Create a new role in AccountB

  • Trusted entity -> AWS account -> since AccountB need to trust AccountA, enter AccountA’s account ID
  • Assign required permission polices to this role, eg: AdministratorAccess
  • Assign a role name, eg: CrossAccountSignin
  • Example of the role JSON created
{
    "Version": "2012-10-17",
    "Statement": [
        {
            "Effect": "Allow",
            "Principal": {
                "AWS": "arn:aws:iam::AccountA_Account_ID:root"
            },
            "Action": "sts:AssumeRole",
            "Condition": {}
        }
    ]
}
  • Note down the ARN of this role, eg:
    arn:aws:iam::AccountB_Account_ID:role/CrossAccountSignin

Create and assign policy in AccountA

  • Use following JSON definition
  • “Resource” point to the ARN of the CrossAccountSignin role created in AccountB
{
    "Version": "2012-10-17",
    "Statement": [
        {
            "Effect": "Allow",
            "Action": [
                "sts:AssumeRole"
            ],
            "Resource": "arn:aws:iam::AccountB_Account_ID:role/CrossAccountSignin"
        }
    ]
}
  • Assign this policy to AccountA IAM user: Terraform-User

Assume role in Terraform

  • providers.tf
    Notice an alias gets created for account_b
provider "aws" {
  region = "us-east-1"
}

provider "aws" {
  region = "us-east-1"
  alias  = "account_b"
  assume_role {
    role_arn = "arn:aws:iam::AccountB_Account_ID:role/CrossAccountSignin"
  }
}
  • main.tf
resource "aws_vpc" "account_a_vpc" {
  cidr_block = "10.0.1.0/24"
  tags = {
    "Name" = "account_a_vpc"
  }
}


resource "aws_vpc" "account_b_vpc" {
  provider   = aws.account_b
  cidr_block = "10.0.2.0/24"
  tags = {
    "Name" = "account_b_vpc"
  }
}
  • resource.aws_vpc.account_a_vpc will create VPC in AccountA implicitly
  • resource.aws_vpc.account_b_vpc will create VPC in AccountB by explicitly specifying provider = aws.account_b

Cross account access to data

Similarly to resource block, you can perform the same for data block, example:

  • Same providers.tf
provider "aws" {
  region = "us-east-1"
}

provider "aws" {
  region = "us-east-1"
  alias  = "account_b"
  assume_role {
    role_arn = "arn:aws:iam::AccountB_Account_ID:role/CrossAccountSignin"
  }
}
  • data.tf
data "aws_availability_zones" "az_zones" {
}

data "aws_availability_zones" "app_az_zones" {
  provider = aws.account_b
}
  • data.aws_availability_zones.az_zones will retrieve availability zones as Terraform-User from AccountA
  • data.aws_availability_zones.app_az_zones” will retrieve availability zones assume role in AccountB

Cross account for module

Assume we have following folder structure:

|_ main.tf
|  providers.tf
|_ modules
    |_ app
         |_ main.tf
         |_ providers.tf

Root /providers.tf have following statement as before:

provider "aws" {
  region = "us-east-1"
}

provider "aws" {
  region = "us-east-1"
  alias  = "account_b"
  assume_role {
    role_arn = "arn:aws:iam::AccountB_Account_ID:role/CrossAccountSignin"
  }
}

Root /main.tf have following statement

module "app1" {
  source   = "./modules/app"

   .
   .
   .
}

If you run it, you may find resources gets created in the default account : AccountA, where Terraform-User is resided. How do we make the resource create in AccountB instead?

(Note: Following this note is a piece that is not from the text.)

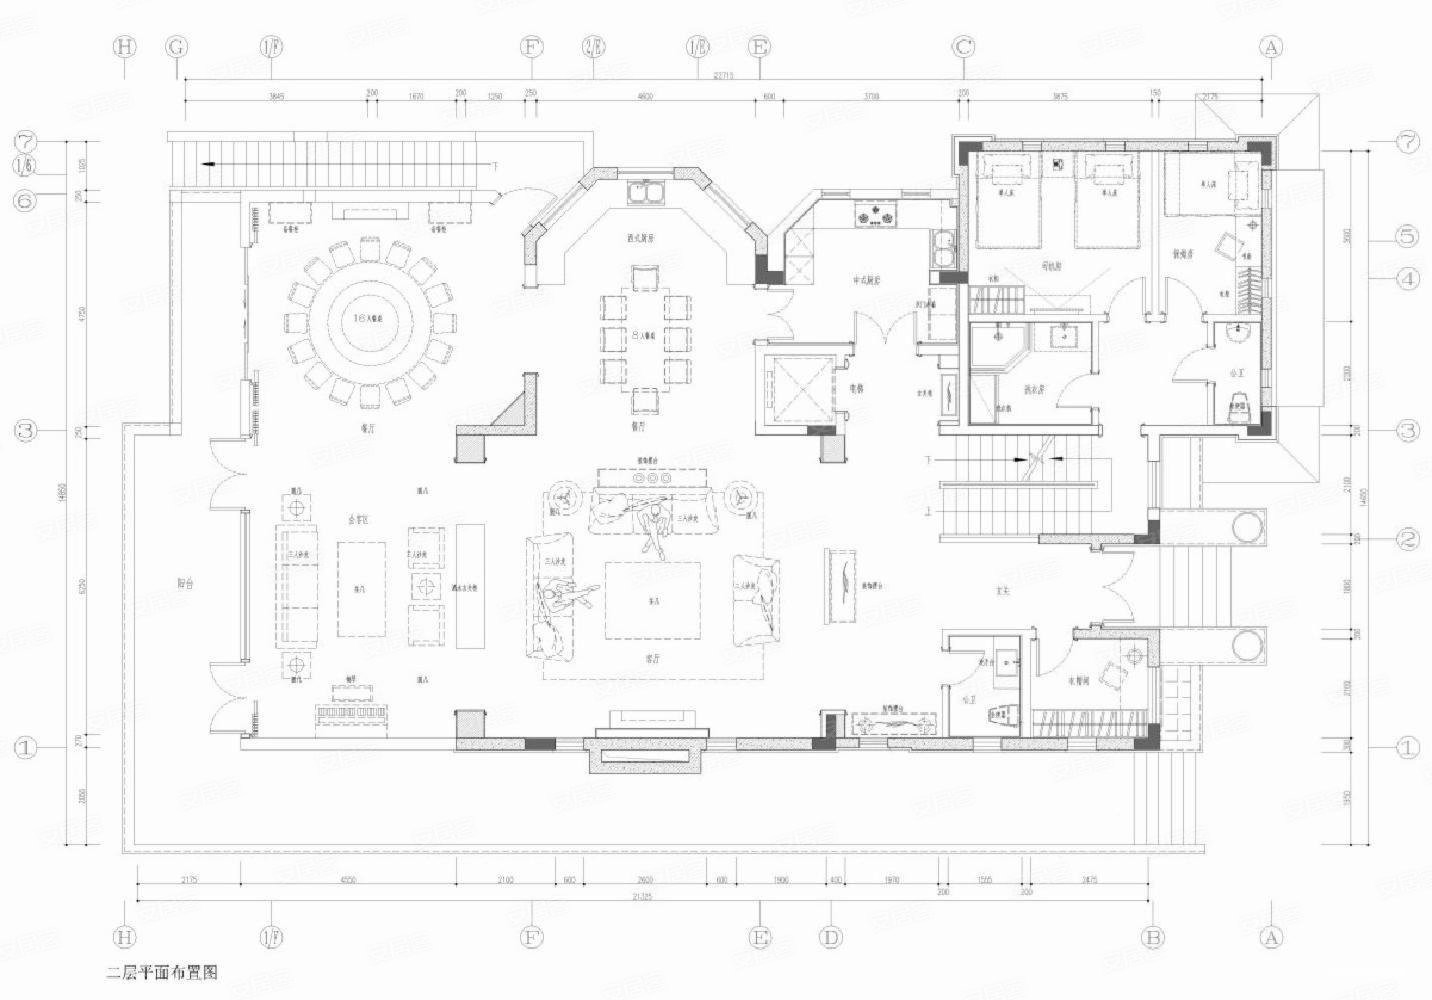 430新古典别墅装修效果图,南湖半山豪庭|恒久之美装修案例效果图-美广网

Think of module a mini block of terraform code that also require it’s own provider block. If you don’t specify anything in /modules/app/providers.tf, it will implicitly have this block, basically it’s looking for a provider called aws

provider "aws" {
}

So we will modify /main.tf like this:

module "app1" {
  source   = "./modules/app"
   providers = {
    aws = aws.account_b
  }
   .
   .
   .
}

This is telling within the module, provider.aws is equal to root provider.aws.account_b.

If you rerun terraform apply. you will notice:

  • Resources created in AccountA remains
  • New resources get created in AccountB now
  • Warning message:
Warning: Provider aws is undefined
│
│   on main.tf line 8, in module "app1":
│    8:     aws = aws.account_b
│
│ Module module.app1 does not declare a provider named aws.
│ If you wish to specify a provider configuration for the module, add an entry for aws in the required_providers block within the module.

To make Terraform happy, add following lines in /modules/app/providers.tf

terraform {
  required_providers {

    aws = {
      source = "hashicorp/aws"
    }
  }
}